Recently, Aime and co-workers presented a new addition to the para-hydrogen method, which allows the generation of high levels of nuclear polarization using substrates normally inaccessible to the para-hydrogen method, which can subsequently be used for hyperpolarization-assisted NMR studies in cellulo [74]. In particular, their results demonstrate that PHIP can be induced in nuclei of molecules such as acetate and pyruvate—and, in principle, other carboxylic acids as well—using precursors containing an unsaturated side-arm moiety capable of hydrogenation that can be hydrolyzed to yield the hyperpolarized target products.
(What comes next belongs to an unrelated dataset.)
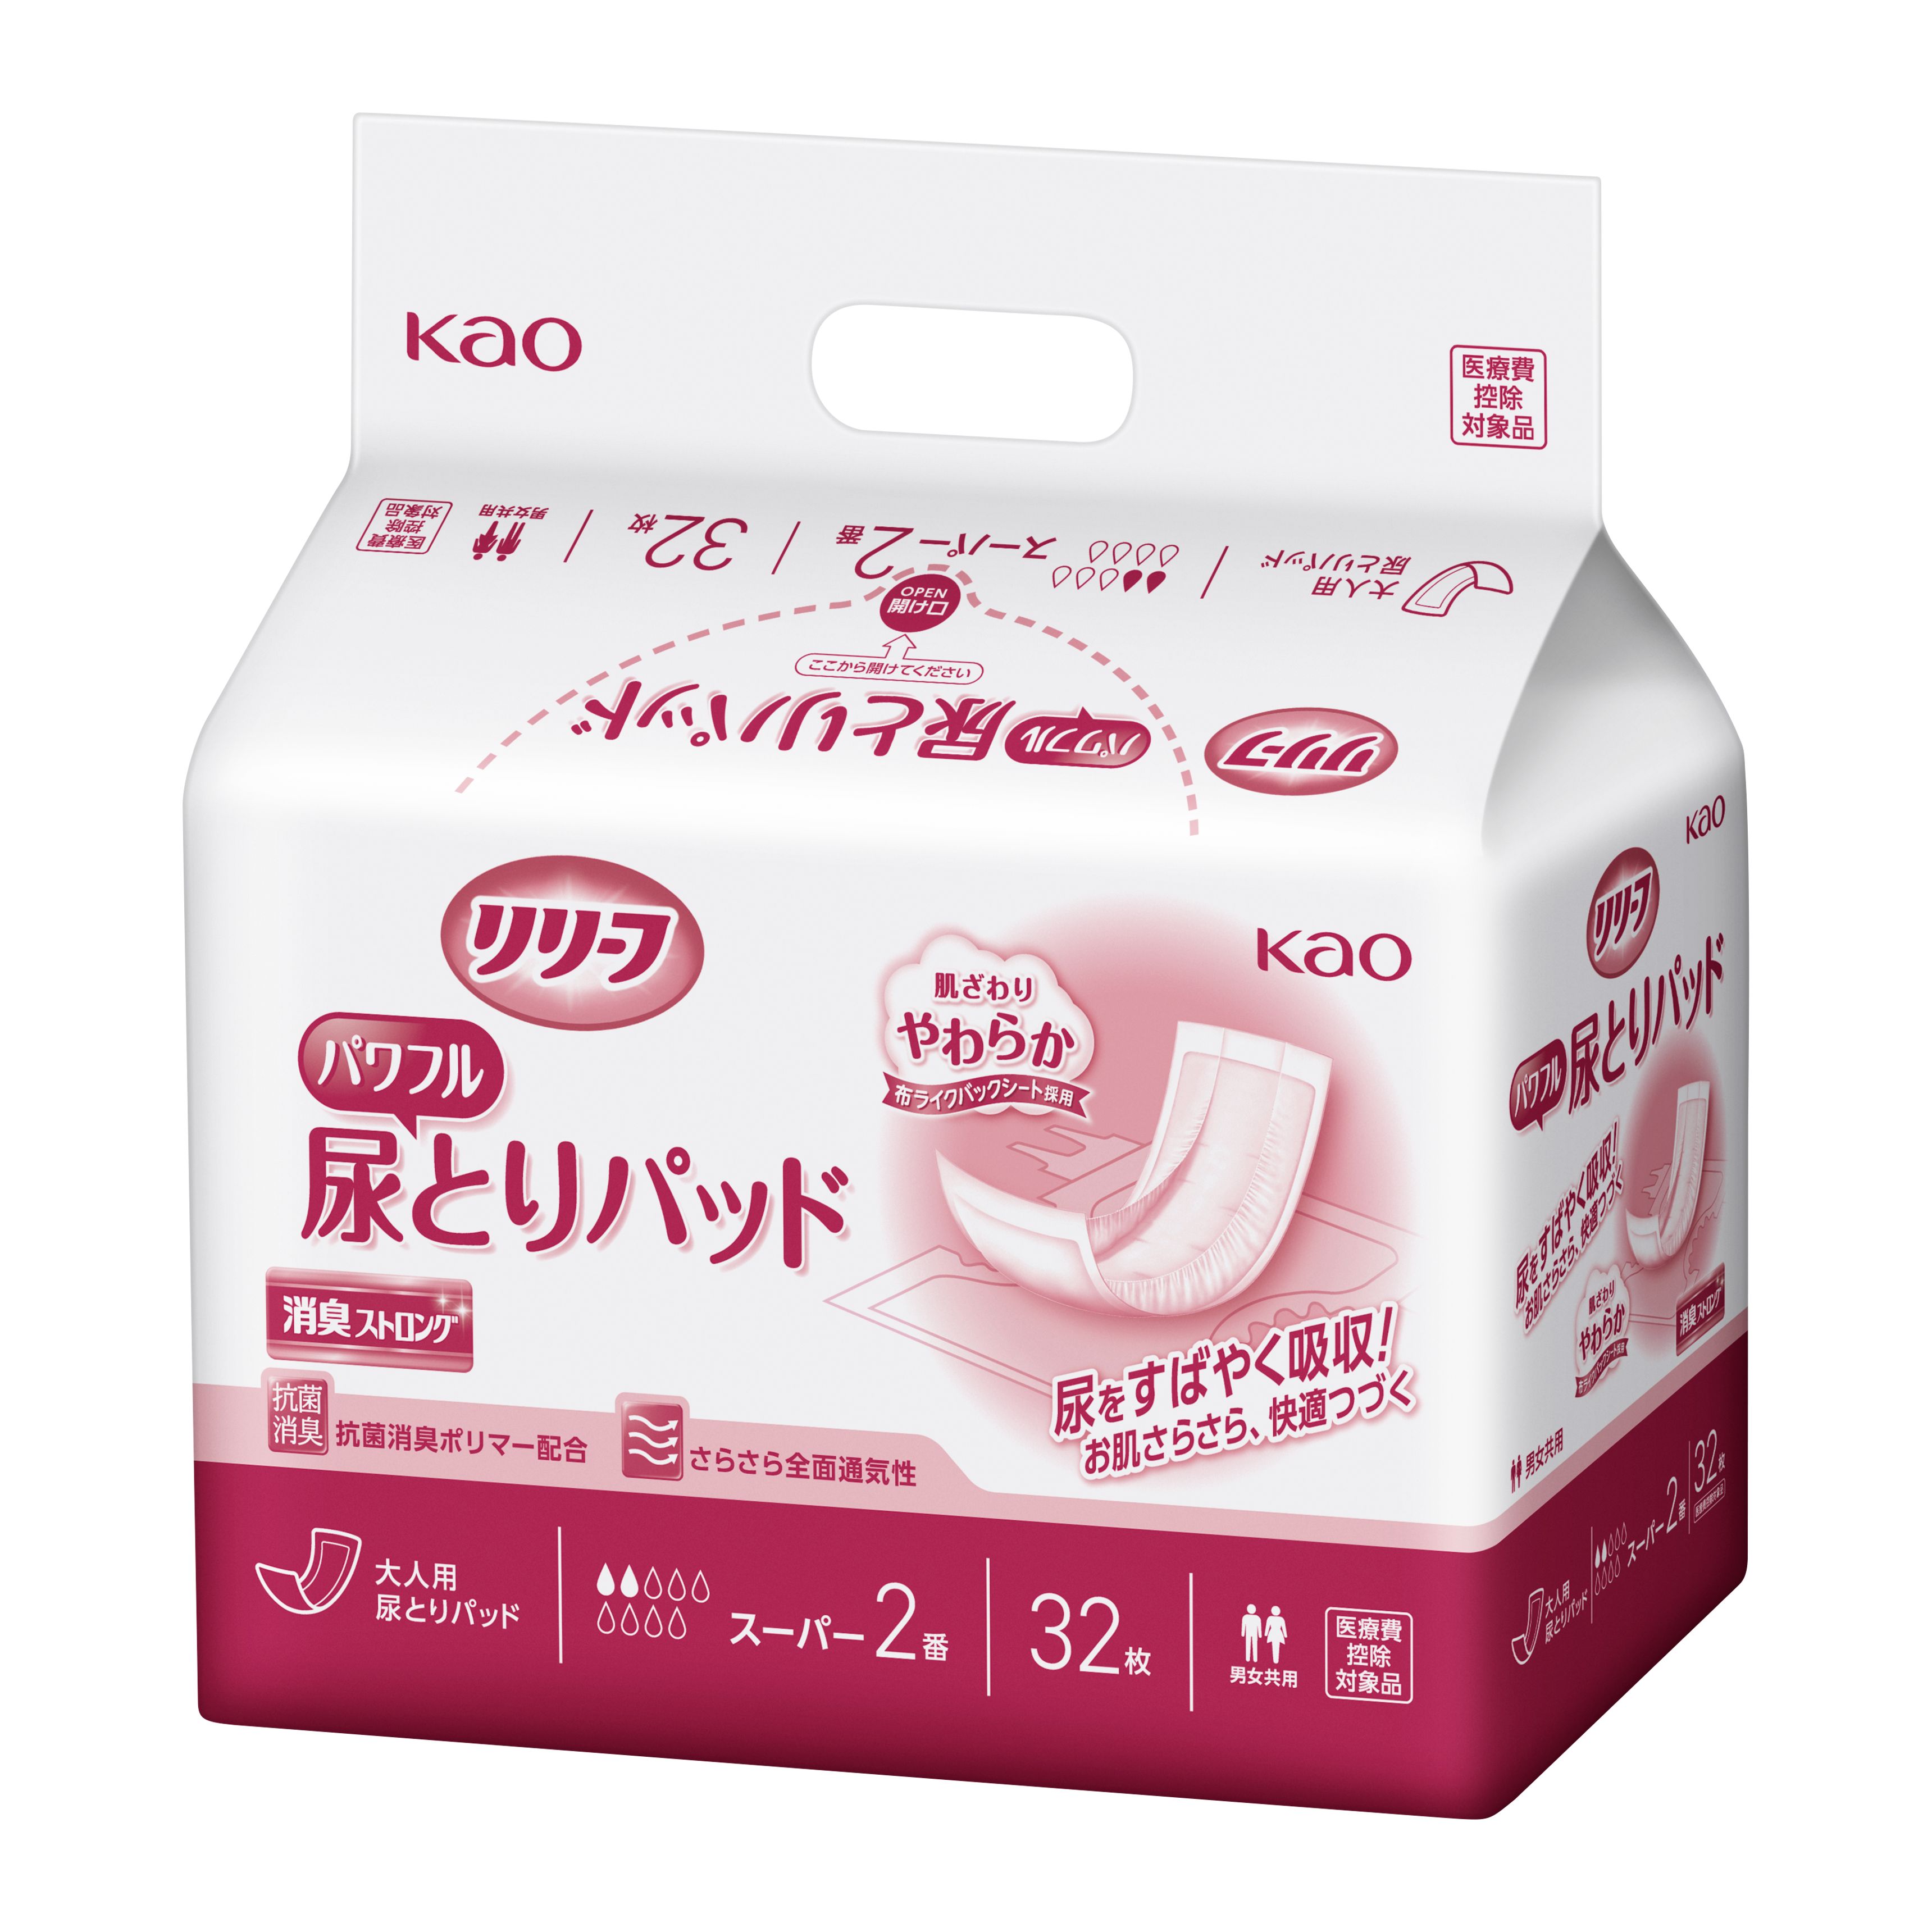 Kao Kao リリーフ パワフル尿とりパッド スーパー 2番 病院施設用 32枚 × 6個 リリーフ 尿漏れパッドの商品画像

The reported method, named PHIP-SAH, relies on the following steps: (i) functionalization of the target acidic molecule with an unsaturated alcoholic group (i.e., vinyl or propargyl alcohol; using propargyl alcohol as a removable synthon to generate PHIP on 13C resonances markedly widens the applicability of this approach); (ii) para-hydrogenation of the unsaturated ester; (iii) heteronuclear polarization transfer from the former pair of para-hydrogen protons to the carboxylate 13C signal by applying magnetic field cycling, where the magnetic field is cycled between the Earth’s magnetic field (hydrogenation step) and nearly zero-field (polarization transfer step) using concentric cylinders made of µ-metal, thereby increasing the extent of polarization transfer to carbon nuclei; (iv) release of the alcohol moiety via hydrolysis to obtain the polarized 13C-carboxylate-containing product.
In summary, these findings open up a very interesting perspective for the use of para-hydrogen-based procedures for the generation of hyperpolarized, biologically relevant molecules, as demonstrated by recent NMR studies carried out in living cells using PHIP-SAH. Examples include the real-time detection of the response of the heart to altered metabolism [73], as well as the study of tumor cell metabolism using hyperpolarized 13C-labeled pyruvate [72], in addition to the observation of the metabolic transformations of hyperpolarized lactate in vitro [72]. The fact that means to further enhance the efficiency of hyperpolarizing small organic molecules via PHIP-SAH were identified recently (Figure 3) will most likely lead to an even wider applicability of this very promising hyperpolarization method [97].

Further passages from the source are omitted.